Chapitre 3
Mylène n'habite pas très loin de chez moi. A Montigny les Metz exactement. C'est une ville qui, à force d'extension, et au fil des années, a fini par être collée à Metz. Seul un panneau indique la fin de Montigny et le début de Metz : si on n'y prend pas garde, on ne voit même pas qu'on a changé d'agglomération. Surtout dans sa rue, la rue de Pont-à-Mousson. C'est LA grosse artère de Montigny. Une rue monstrueusement longue, qui compte des centaines de petites maisons mitoyennes et de petits immeubles, semblables à ceux de mon quartier, car de la même époque. Mylène, elle, habite le seul immeuble flambant neuf de la rue, construit l'an dernier sur les ruines d'un ancien magasin. J'y avais moi-aussi visité un ou deux appartements, mais le style n'était vraiment pas pour moi. J'ai besoin de style, de vécu, d'atmosphère, là où Mylène a besoin de praticité et de modernité. J'avoue que l'entrée de l'immeuble, en carreaux gris anthracite, et l'ascenseur en jettent pas mal. Je me retrouve vite fait au 3ème étage, devant sa porte, qu'elle ouvre à la volée avec un large sourire dès mon premier coup de sonnette. Elle m'attrape par le bras, me jette à moitié dans le canapé le plus proche, s'assied à côté de moi et se met à m'observer, en gigotant comme si elle avait des vers.
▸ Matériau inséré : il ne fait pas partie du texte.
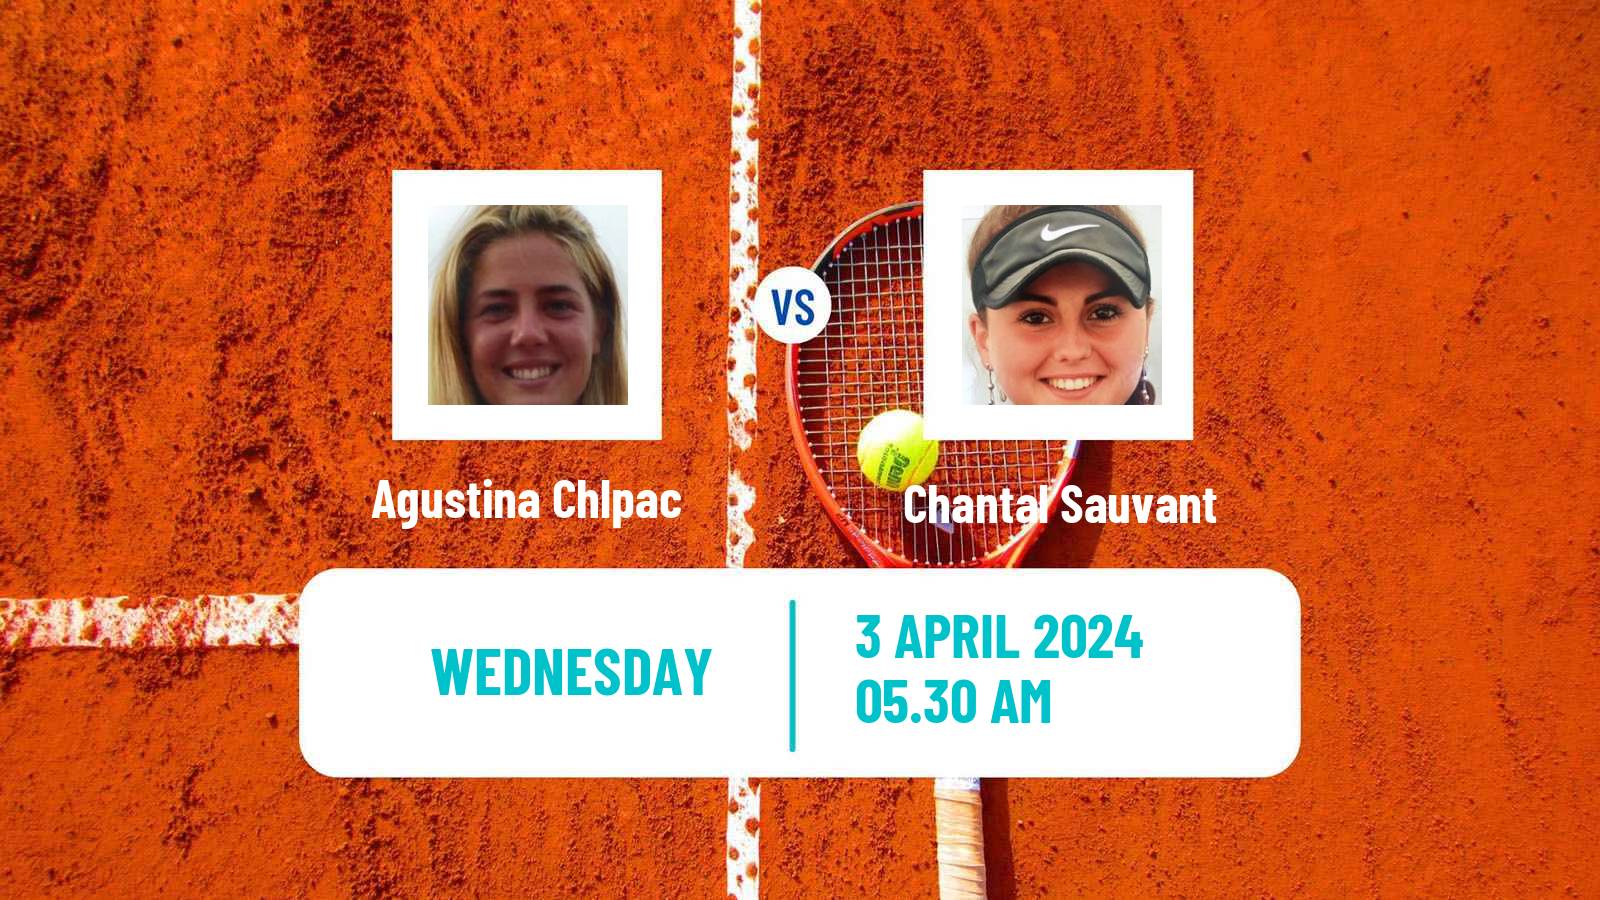 Tennis ITF W15 Antalya 8 Women Agustina Chlpac - Chantal Sauvant

_ Putain, c'est trop excitant !!! se met-elle à psalmodier tandis que je me débarrasse de mon manteau, que je pose sur le bras du sofa.
_ Ouais .... Ok, Mylène. Arrête ça tout de suite, tu me stresses ! je me mets à râler. Tu vas me dire ou pas ?
_ Mais oui, attends, je reprends mes esprits, tente-t-elle de se calmer en joignant ses mains sur ses genoux.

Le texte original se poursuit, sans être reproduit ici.